Targrav rose again, slower this time, but even more determined. The transparent dome would be cool, the warmth it once held forgotten in destruction of the bubble boat. Even if it was as cold as the rain though, it could protect him. Provide shelter from the wind. Hold in what little body temperature he had left.
The trek across the sands was no more than fifty feet, but it felt like a journey of hours.
With each step, Targrav asked himself what the point of continuing was. Each moment he bought himself was another moment of pain. He knew if the end came like this, if he struggled against it, he’d leave nothing but a messier corpse.
The wind confirmed that belief by spearing through the rents in his enviro-suit and chilling him to the point where he was left trembling.
So much easier to lay down in the soft, inviting sands.
With one wobbling step after another he pushed on though.
The observation dome called to him. It held more than the promise of warmth. It held memories of the future. The one he planned to see with Mera.
Searing pain so bright it eclipsed Targrav’s vision burned through him. He was not all right. Not by any stretch.
But he was alive.
Step by step, faltering, weakening, but always advancing he continued until he rested his hand on the glass-steel dome and discovered it was warm enough to almost burn him through the enviro-suit’s glove.
The ship’s heat had been lost, but the fire of re-entry still lingered in the durable material.
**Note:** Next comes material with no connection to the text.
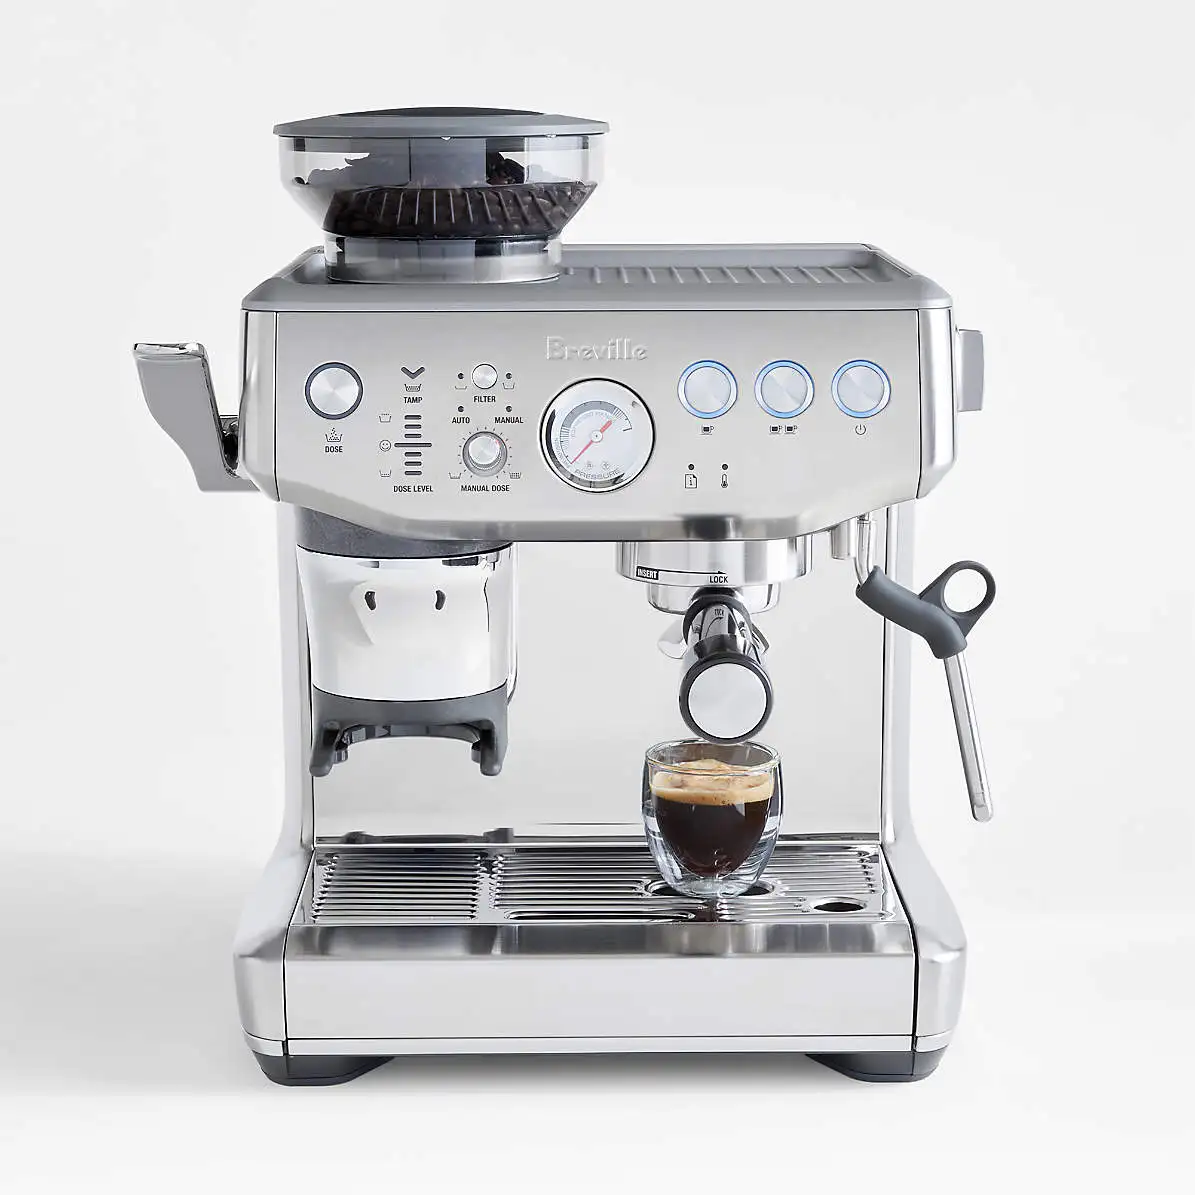 

High Quality New Brevilles Barista Express Espresso Machine, Brushed Stainless Steel, BES870XL

Heartened by that stroke of luck, Targrav eased himself to the ground gently and pulled himself into the dome.
It was shelter. It was all that he had left of home. It was enough for moment.
He rested, blackness sweeping over him for the blink of an eye that lasted either a few seconds or a few hours. However long it was, Targrav felt some of his anima had been restored by the time he opened his eyes. His wounds had worsened, but with the energy he’d recovered and his minimal training in healing magics, he was able to halt the degradation and temporarily deal with the worst of the injuries. Even that small exertion though drained him to the point where sleep overwhelmed him again.
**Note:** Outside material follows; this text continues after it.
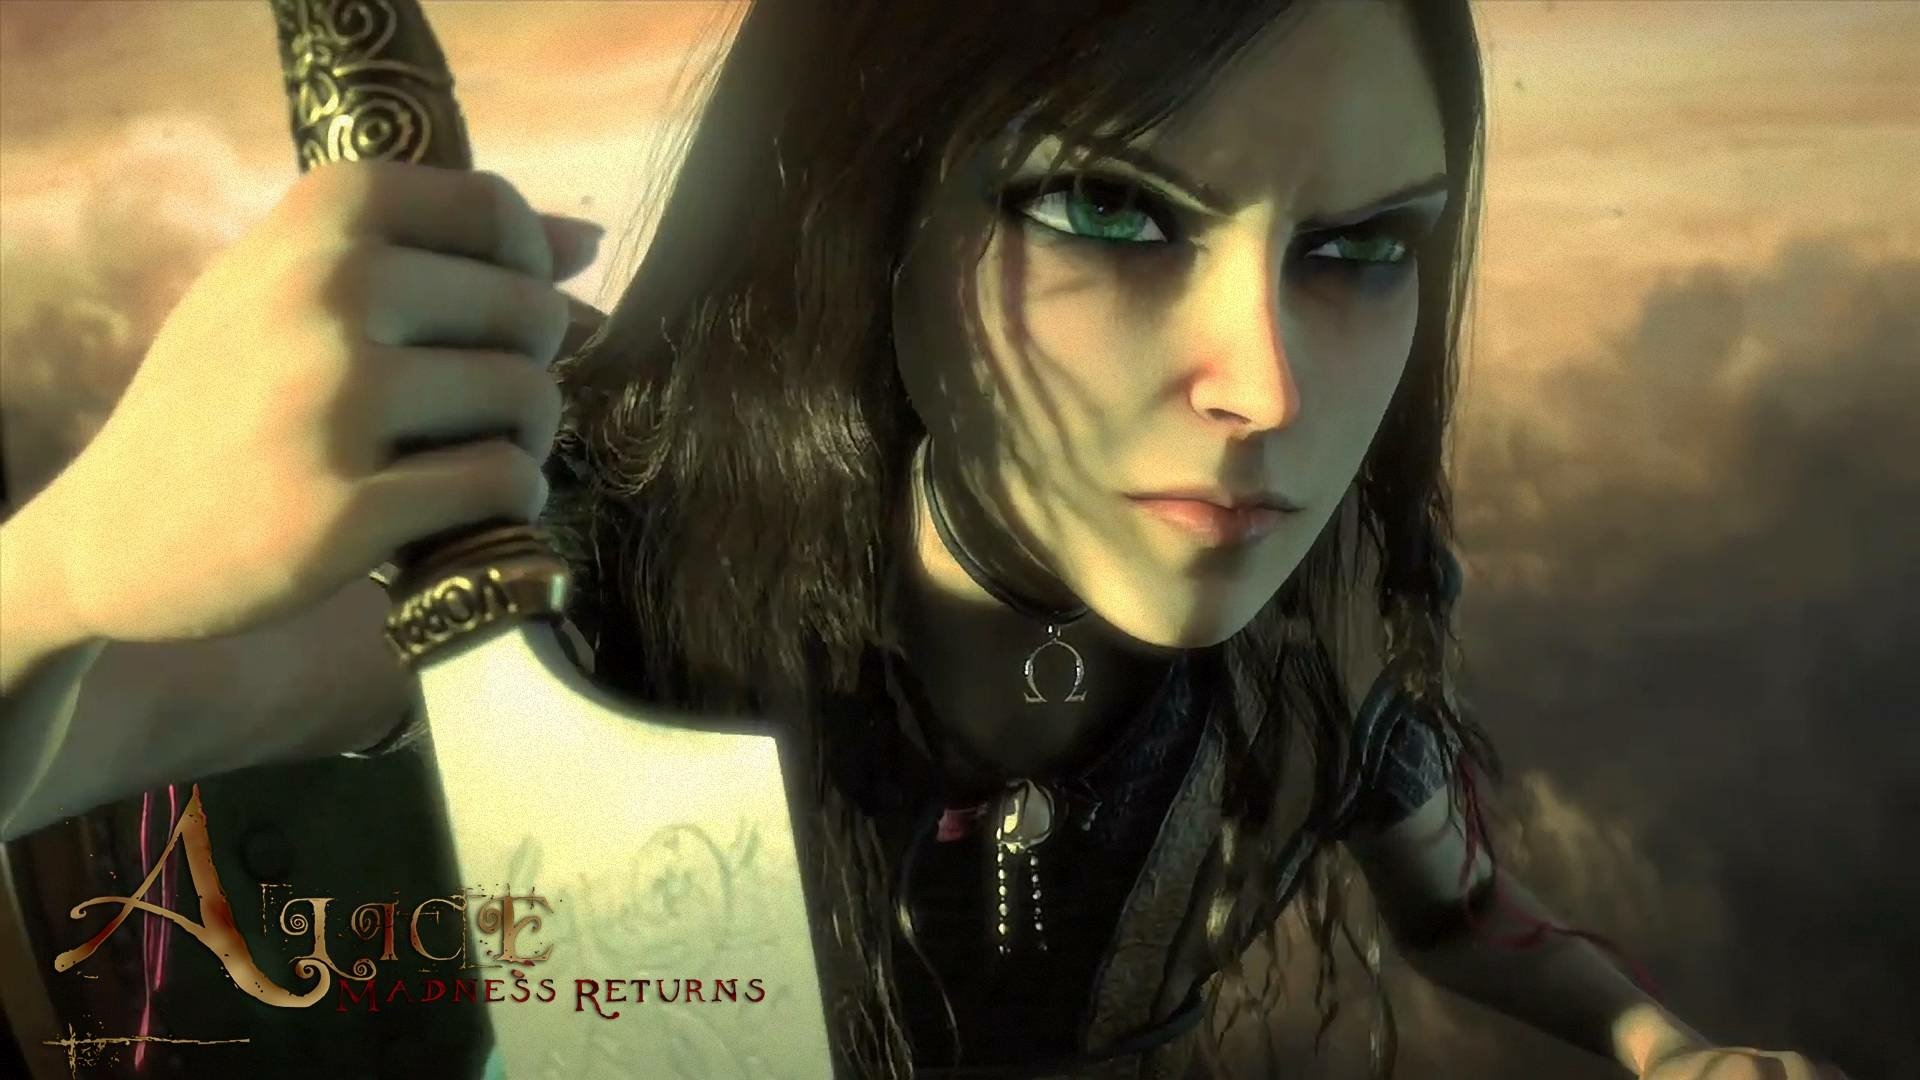 1920x1080 Alice: Madness Returns Wallpaper Background Image.

In his dreams, he saw himself, alone on a tiny, forgotten pebble. His struggles for life condemning him to an eternity of loneliness and isolation. Without Mera, he wasn’t sure why he’d fought so hard to continue on.
The storm was raging when he woke next. And the sun was shining.
Targrav took several seconds to fit those two things together in his drained and pain-addled mind before successfully reframing the first of those impressions.
The storm wasn’t raging.
A ship was descending with full thrusters blaring as it screamed into a landing position.
Targrav thought about the pirates and tried to rise. He might have to fight them off.
The ship was on the ground when he regained his senses from falling again and people were running towards him. He struggled to stand once more, but before he could there were reassuring voices and soft hands turning him over so that he could breath more easily.
“This is him,” a woman said. “The enviro-suit matches the description Mera gave us.”
At the mention of his wife’s name Targrav felt new life stir in him. It was either that or the influx of healing anima that the woman sent surging through his body.
“My name is Ilya,” the woman said. “I’m a healer from the Imperial fast response ship Horizon Breaker and we’re here to rescue you.”
“How did you know?” Targrav asked, his voice rough with the damage from sand and wind and rain.
“We got your wife’s rescue beacon signal,” Ilya said. “She jury-rigged it to transmit back both of your locations. Crazy thing I guess. Rescue beacons are the last thing in the world you want to mess around with.”
“Is she safe?” Targrav asked.
“Sort of,” Ilya said.
“What do you mean?” Targrav asked.
“Well, she kind of kidnapped the rescue party we sent for her,” Ilya said. “And stole their ship. She’s about an hour behind us and we’d like you to help us talk her into not breaking any more galactic laws in trying to rescue you.”